◆ **TASK**
Look below for the line with "Raw cotton , cotton"; begin the copy there and stop after the line with "Sveriges främsta sjöfartsrörelse, Broströmskoncernen, genom", keeping the text exact and the pictures out.

◆ **DATA SECTION**
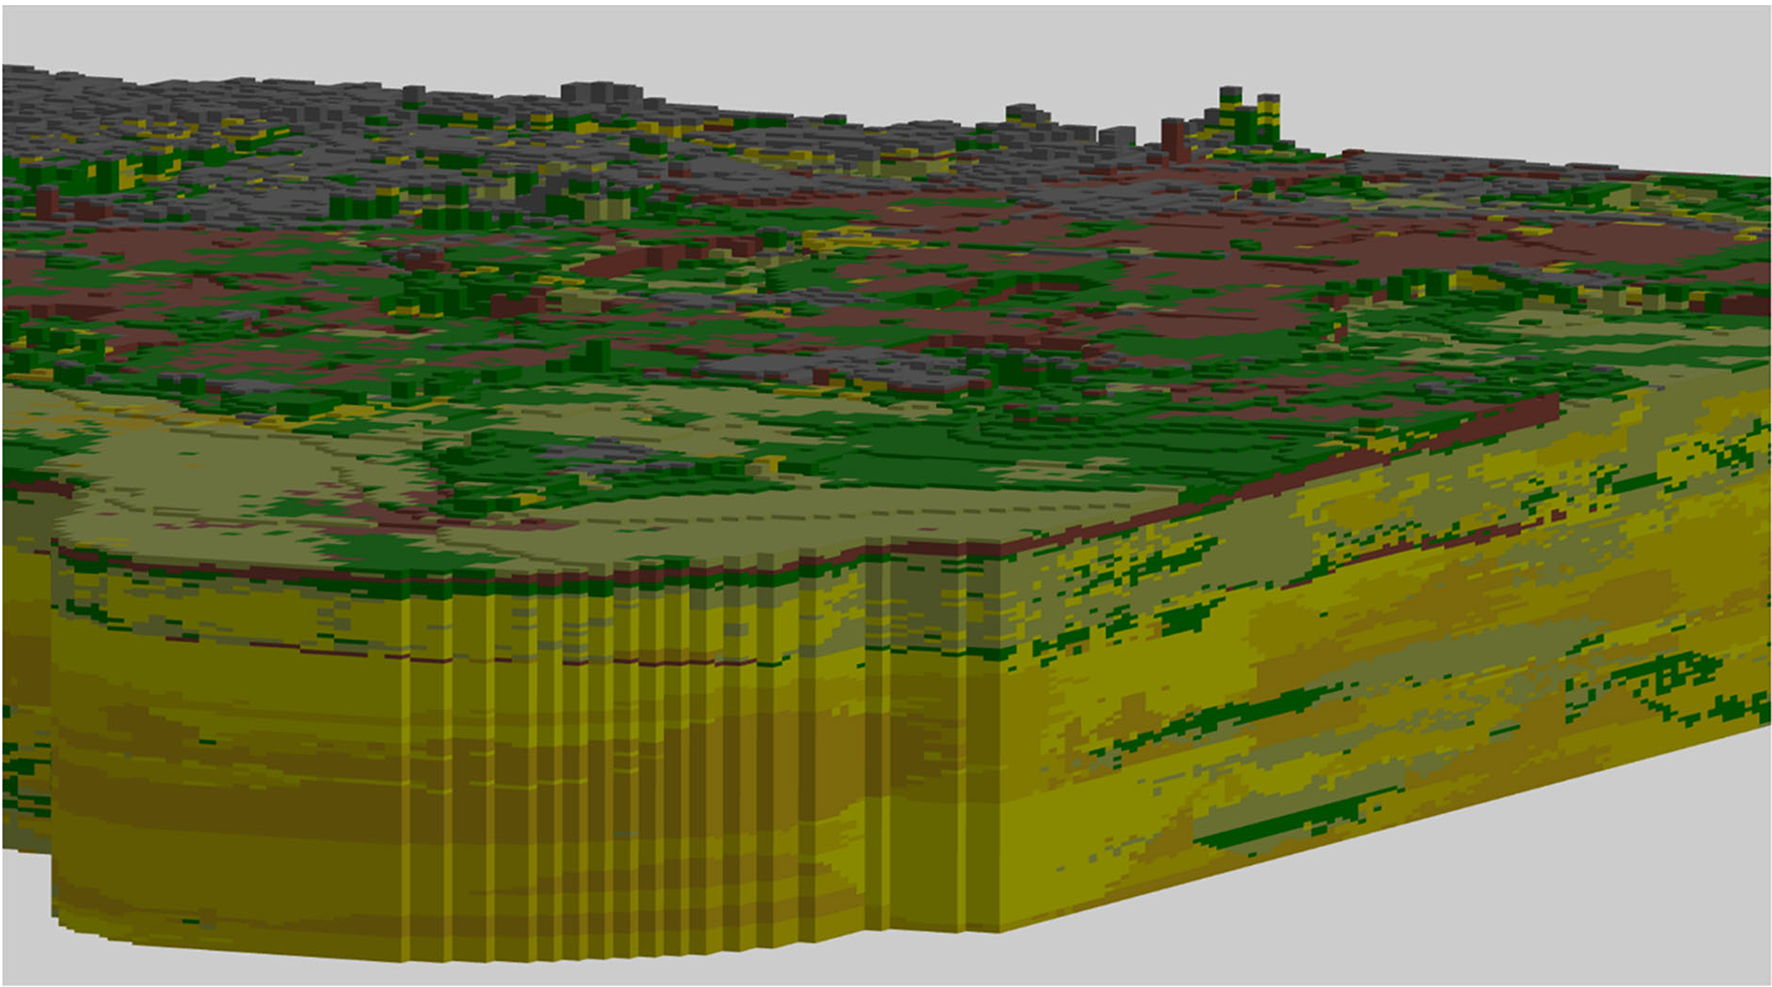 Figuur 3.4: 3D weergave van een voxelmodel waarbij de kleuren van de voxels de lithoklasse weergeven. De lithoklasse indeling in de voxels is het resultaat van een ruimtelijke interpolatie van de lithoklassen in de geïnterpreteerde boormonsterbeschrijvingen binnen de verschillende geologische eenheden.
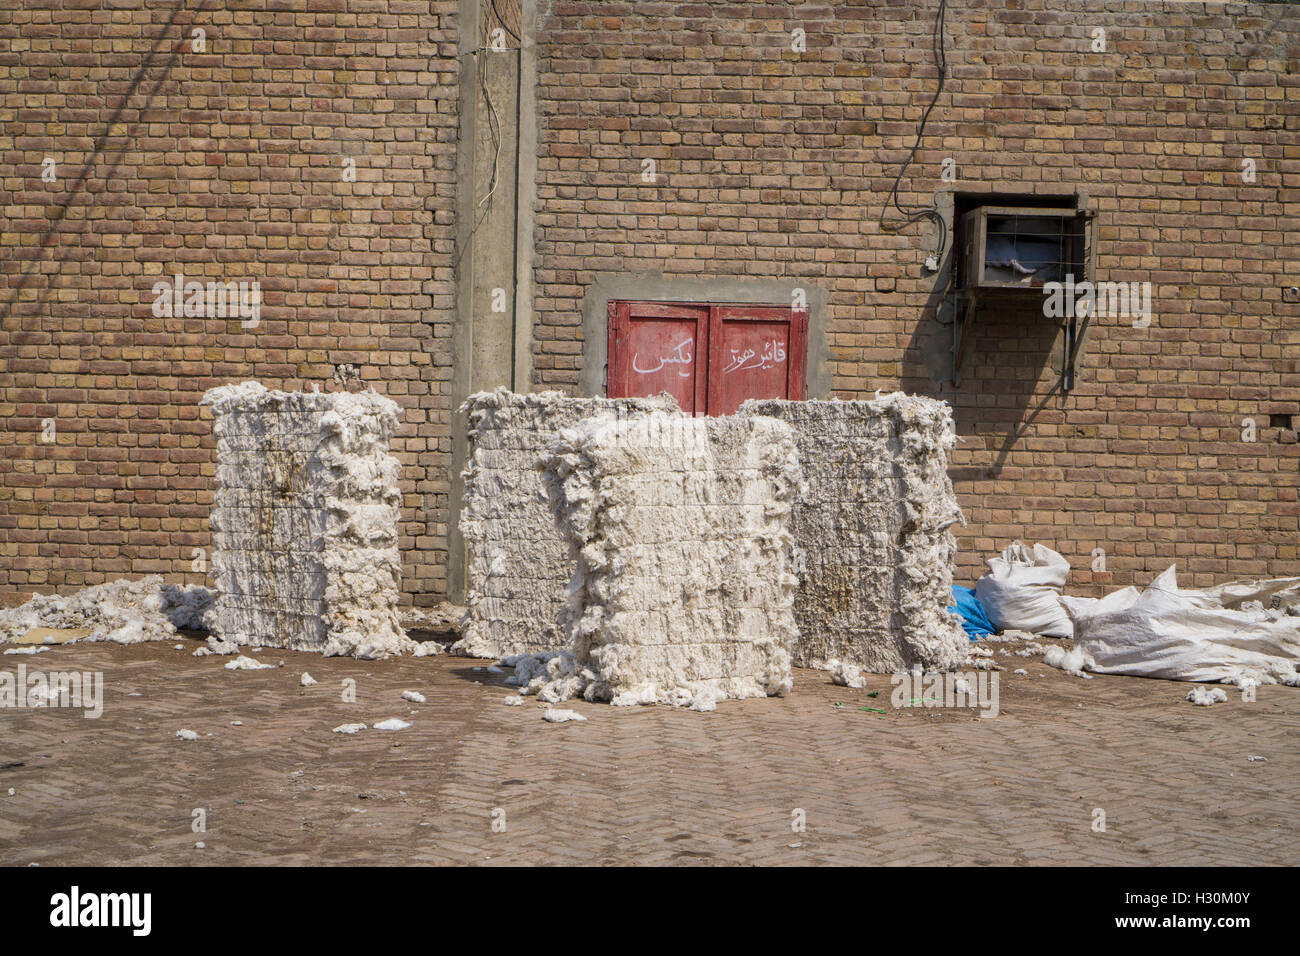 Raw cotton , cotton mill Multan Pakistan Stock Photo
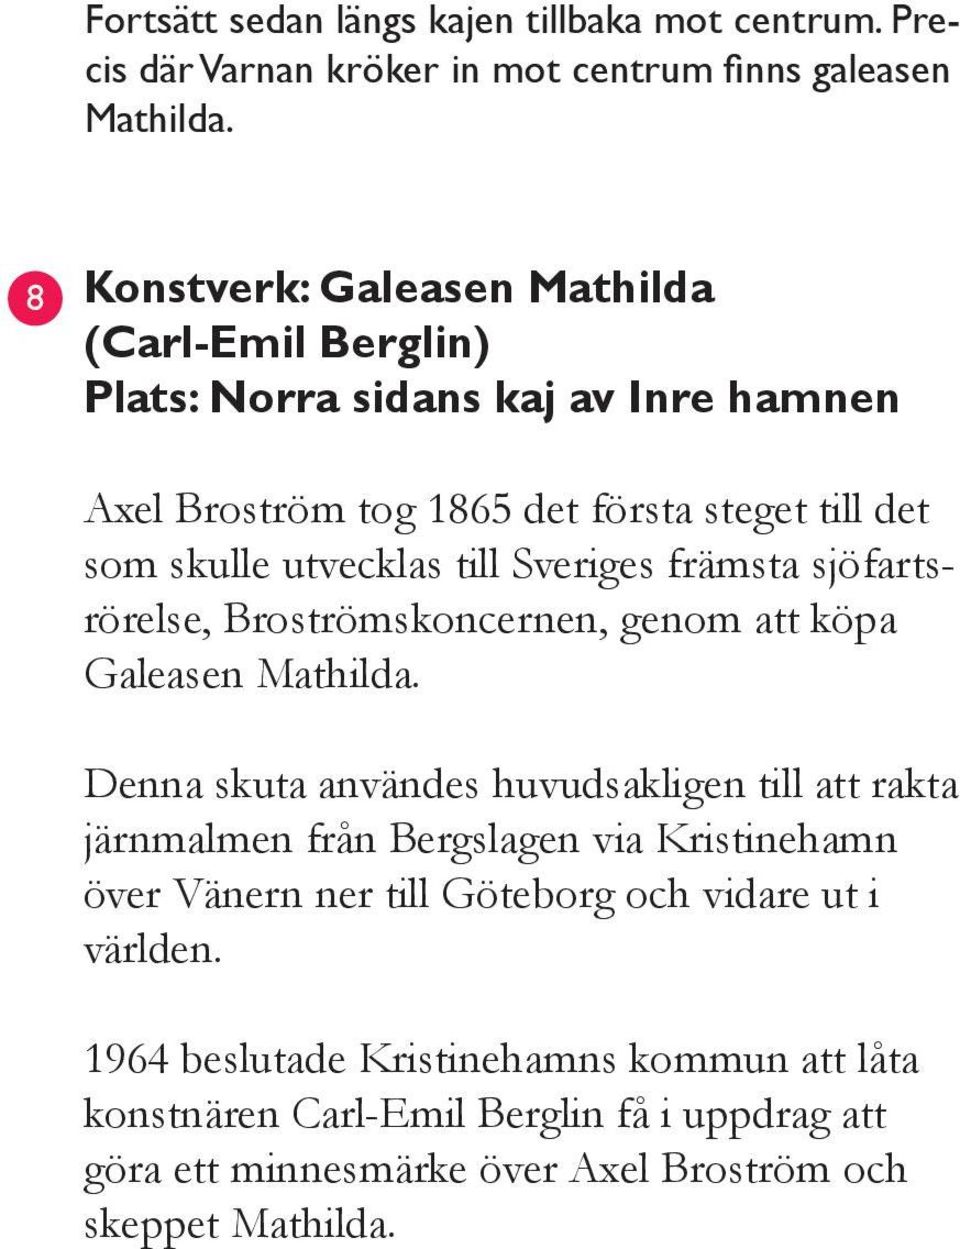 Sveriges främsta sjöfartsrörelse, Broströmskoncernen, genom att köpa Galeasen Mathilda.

...

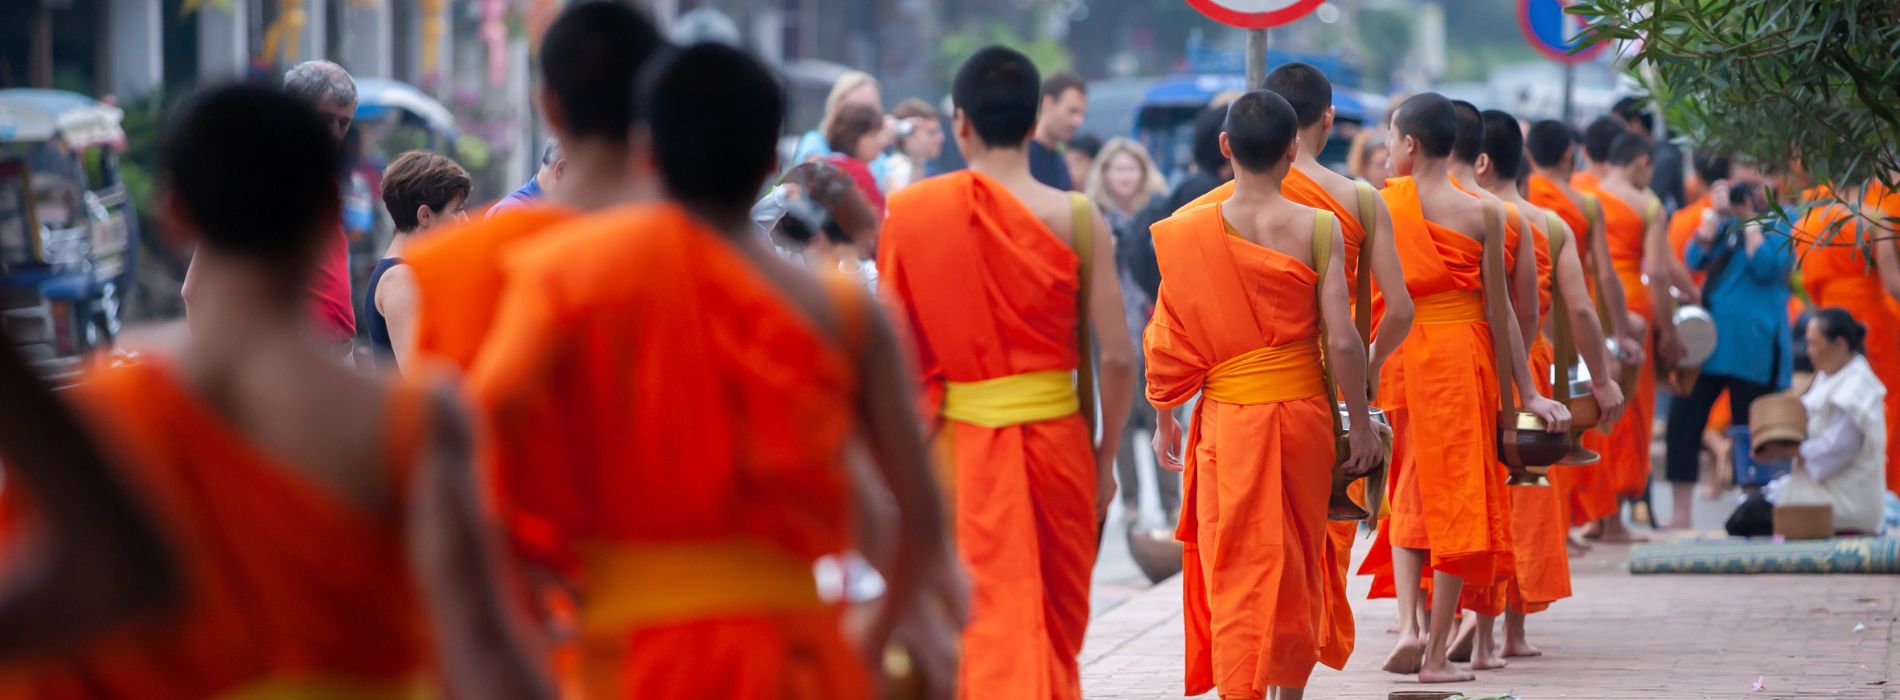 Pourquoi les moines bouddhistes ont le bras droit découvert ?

◆ **RESPONSE**
 Raw cotton , cotton mill Multan Pakistan Stock Photo
 Sveriges främsta sjöfartsrörelse, Broströmskoncernen, genom att köpa Galeasen Mathilda.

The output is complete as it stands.